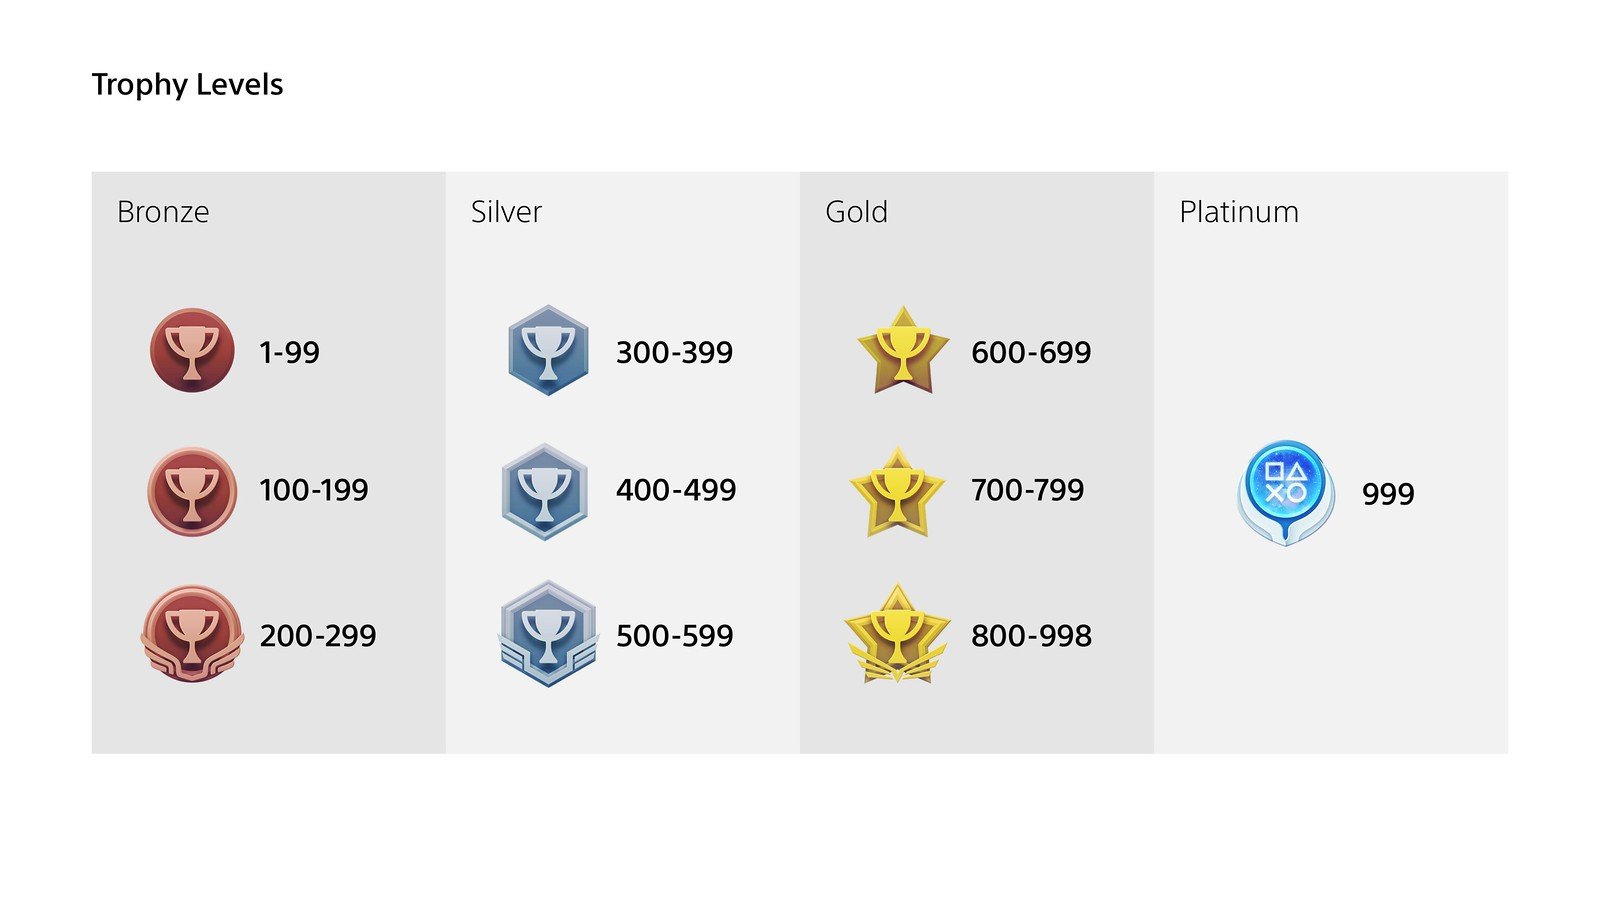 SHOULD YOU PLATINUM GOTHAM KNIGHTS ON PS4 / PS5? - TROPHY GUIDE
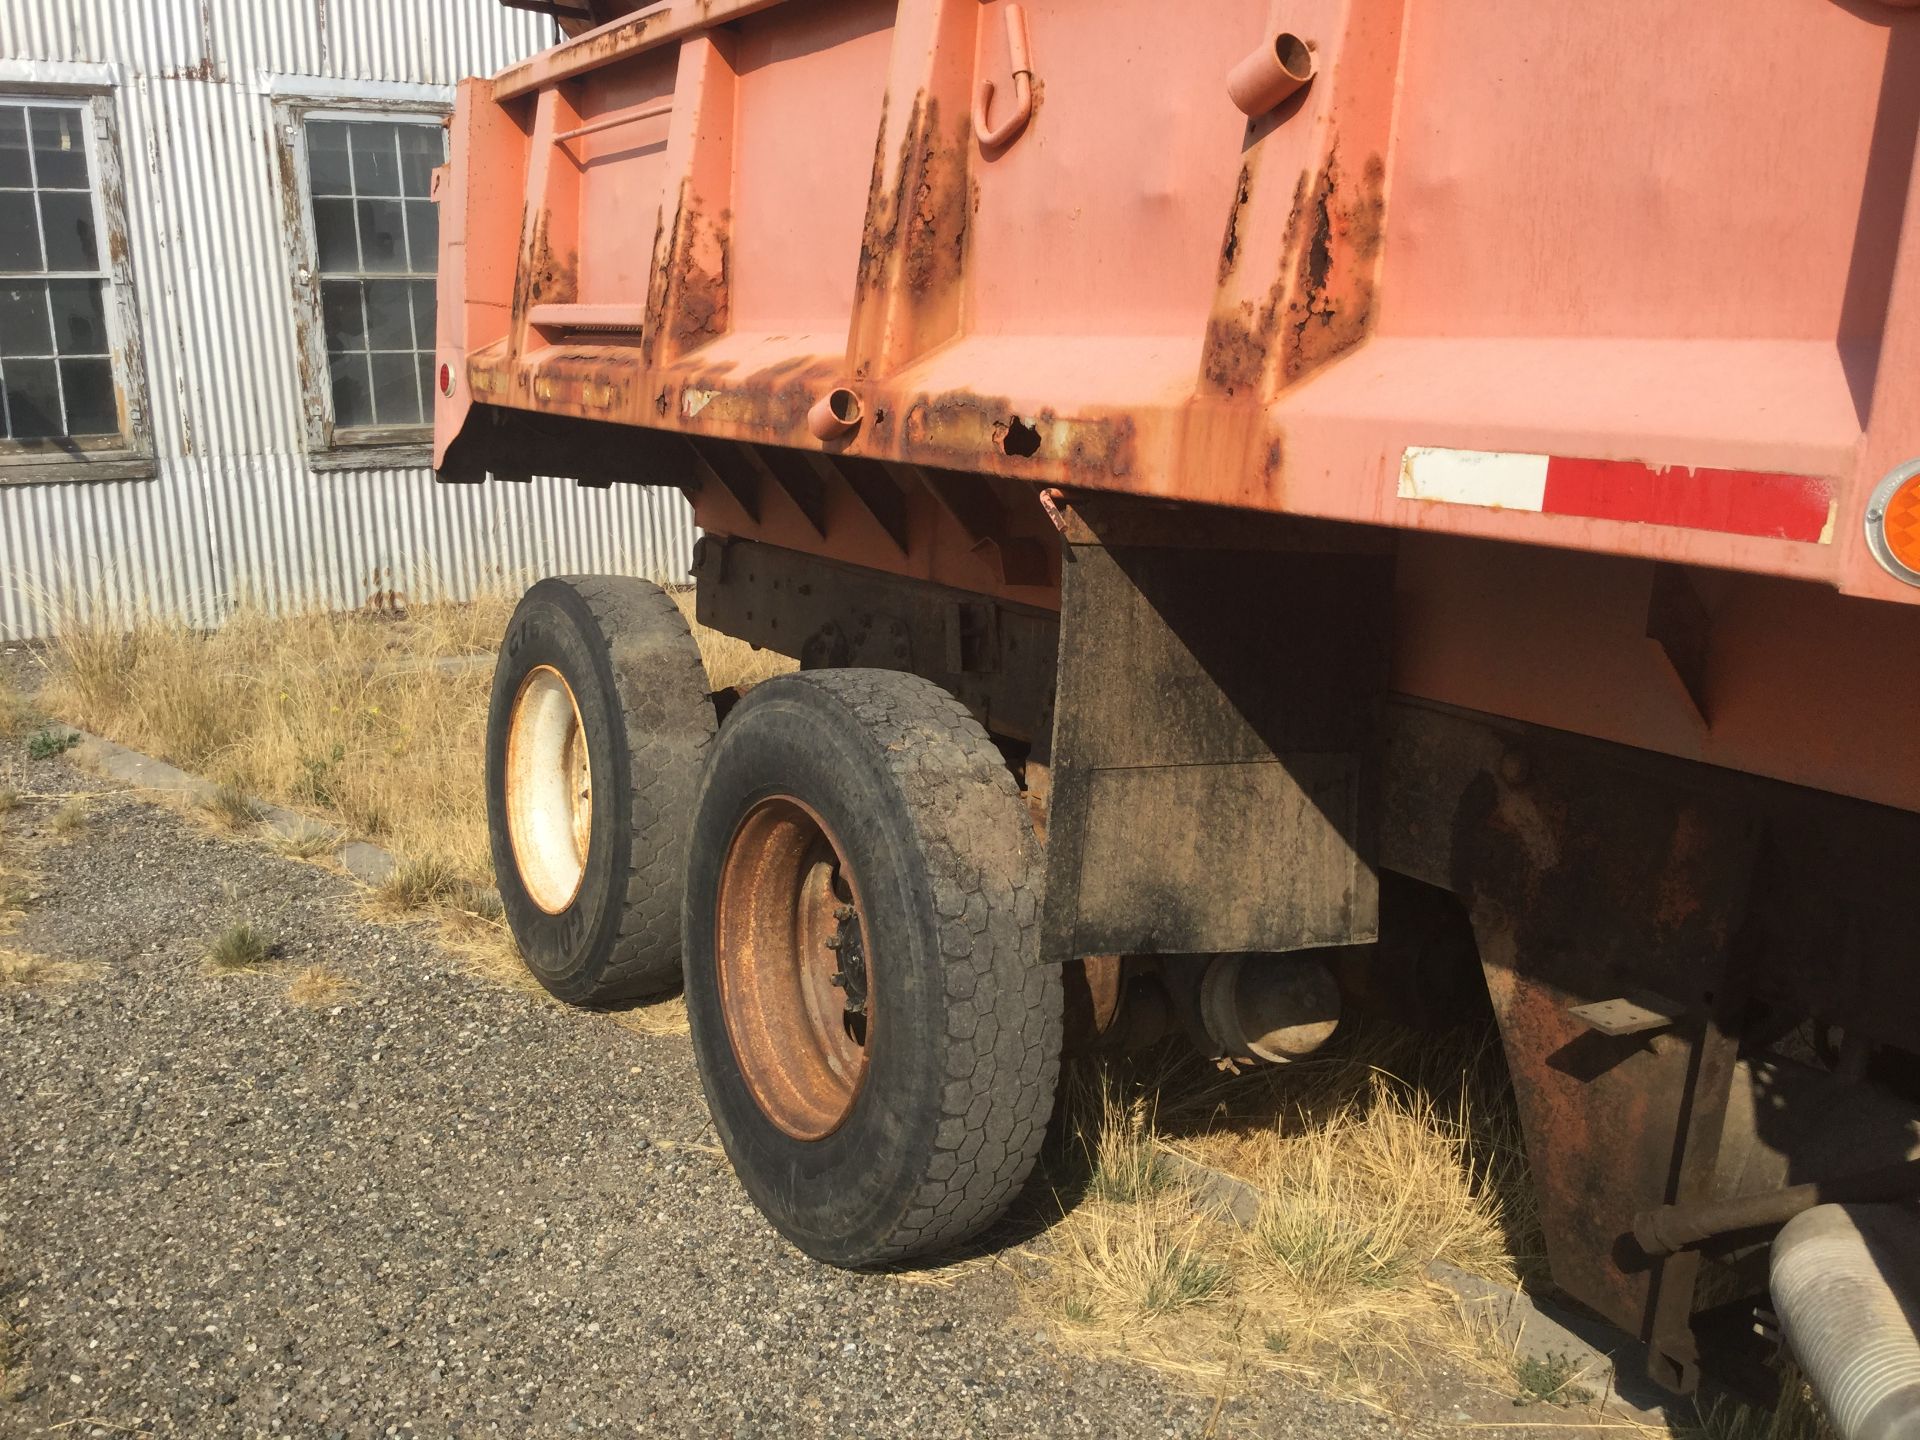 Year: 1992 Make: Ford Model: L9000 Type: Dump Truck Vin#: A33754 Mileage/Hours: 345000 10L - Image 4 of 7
==
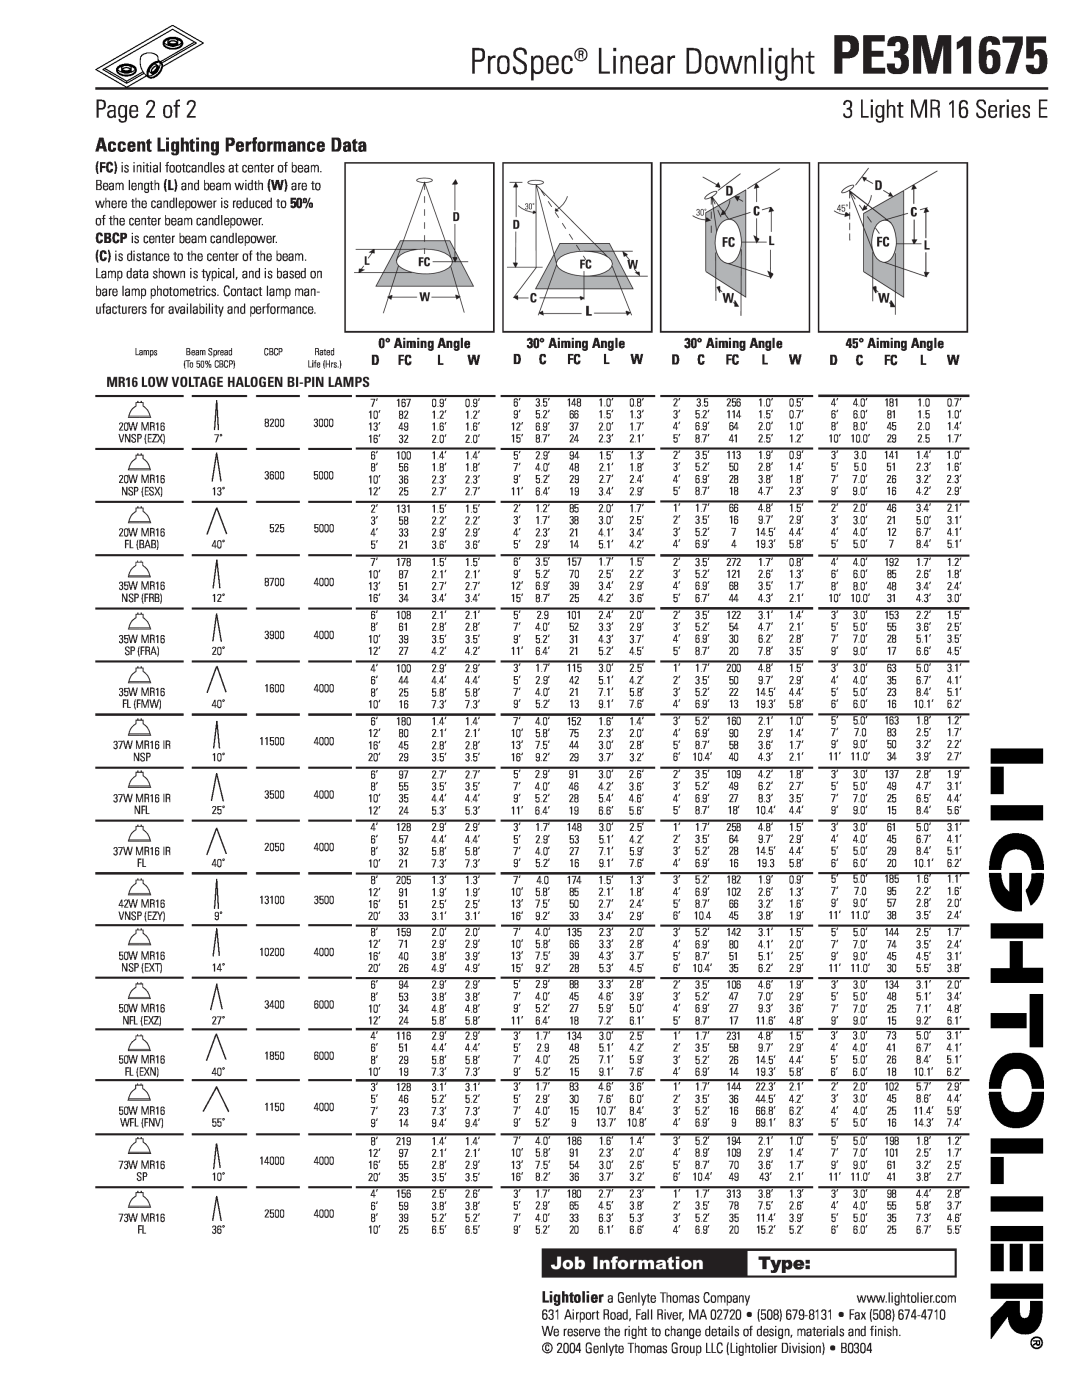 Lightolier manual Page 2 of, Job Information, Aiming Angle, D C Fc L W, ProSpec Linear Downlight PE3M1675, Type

** Problem statement **
Go down the entries above from the line containing "SHOULD YOU PLATINUM" to the line containing "Year: 1992 Make: Ford" and write out each line exactly, leaving pictures out.

** Completed exercise **
 SHOULD YOU PLATINUM GOTHAM KNIGHTS ON PS4 / PS5? - TROPHY GUIDE
 Year: 1992 Make: Ford Model: L9000 Type: Dump Truck Vin#: A33754 Mileage/Hours: 345000 10L - Image 4 of 7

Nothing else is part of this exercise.